Defense Contractor Pleads Guilty to Bribery

     PORTLAND, Ore. (CN) – An Oregon defense contractor pleaded guilty Monday to bribing an Army Corps of Engineers manager to award more than $170 million in contracts to his company.
     The defendant, whose legal name is the singular Sky, pleaded guilty to a federal conspiracy information. He faces up to five years in prison and a $250,000 fine.
     He was accused of bribing Corps of Engineers program manager for the in Omaha with money, meals and vacations to secure contracts for his company Sky Research (SRI), based in Ashland, Ore.
     The manager is identified as “J.H.” in the information. Jerry Hodgson was investigated by federal authorities in 2012 for suspicion of bid rigging, though no charges had been filed by 2013, according to The Associated Press.
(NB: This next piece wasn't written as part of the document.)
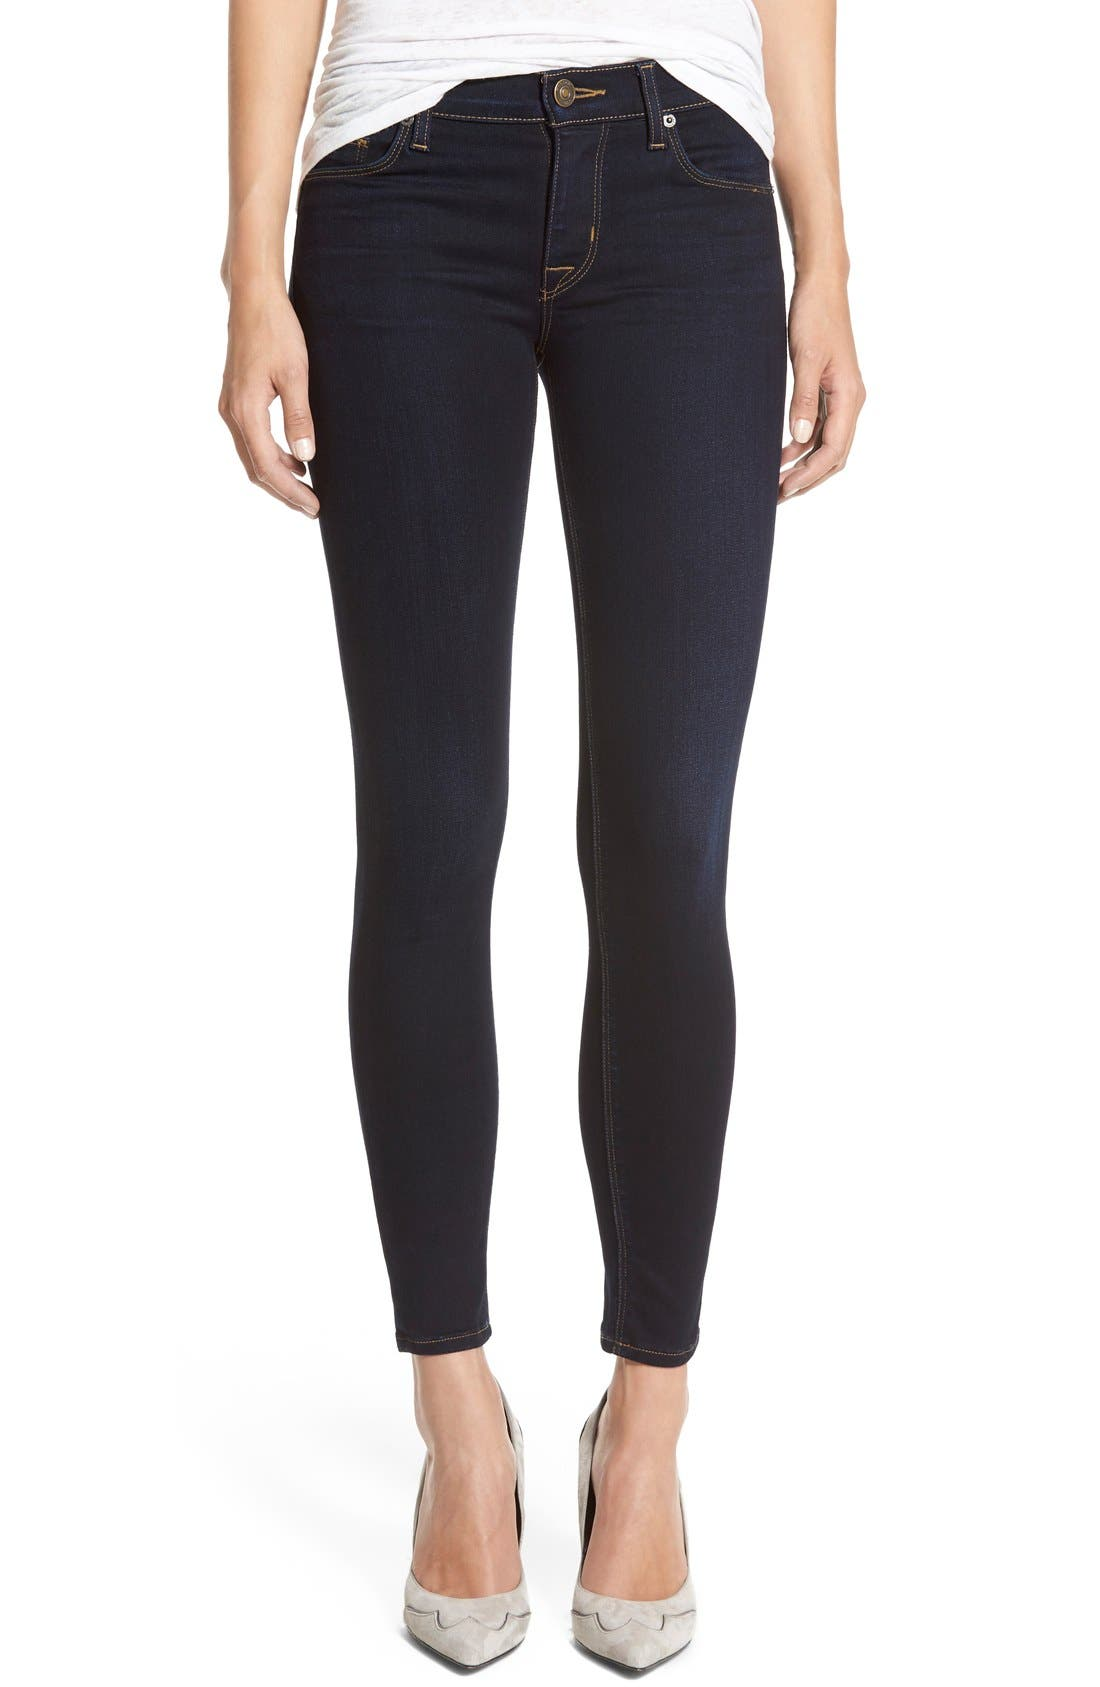 Alternate Image 1 Selected - Hudson 'Krista' Super Skinny Jeans

     Sky’s company worked with government contractors to clean up unexploded land mines, among other things. It was a contractor under the federal Military Munitions Response Program.
     Sky, 73, appeared in U.S. District Judge Marco Hernandez’s court Monday morning with his attorney, and said little other than affirmative answers to Hernandez’s questions.
     He agreed to waive a grand jury indictment and enter a guilty plea.
     “You’re going to have to live with my sentence,” Hernandez said. “Are you OK with that?”
     “Yes,” Sky replied. “Well, I have to be.”
     Sky’s attorney Michael Levine said there would be no restitution in the case, but Assistant U.S. Attorney Greg Nyhus told the court the government was still investigating the matter.
     Nyhus called Sky’s bribery a series of “wink and nod” agreements from 2002 to 2013, by which he secured nine contracts worth $171 million.
     Among other things, the government said, Sky was awarded a $9 million environmental remediation contract in 2009 just one day after paying Hodgson $3,000.
     Sky also paid for meals and accommodations for Hodgson in Costa Rica and Vietnam, and a fishing trip in Alaska.
     The sentencing advisory for Sky is 21 to 27 months in prison. Judge Hernandez told Sky he is “not bound by the guidelines” and that Sky could accumulate credit for good behavior if given prison time.
     Sky was not in custody when he arrived in court, and Hernandez released him. The court even discussed a planned trip out of the country, which Hernandez allowed.
     Sky’s sentencing is scheduled for Oct. 11.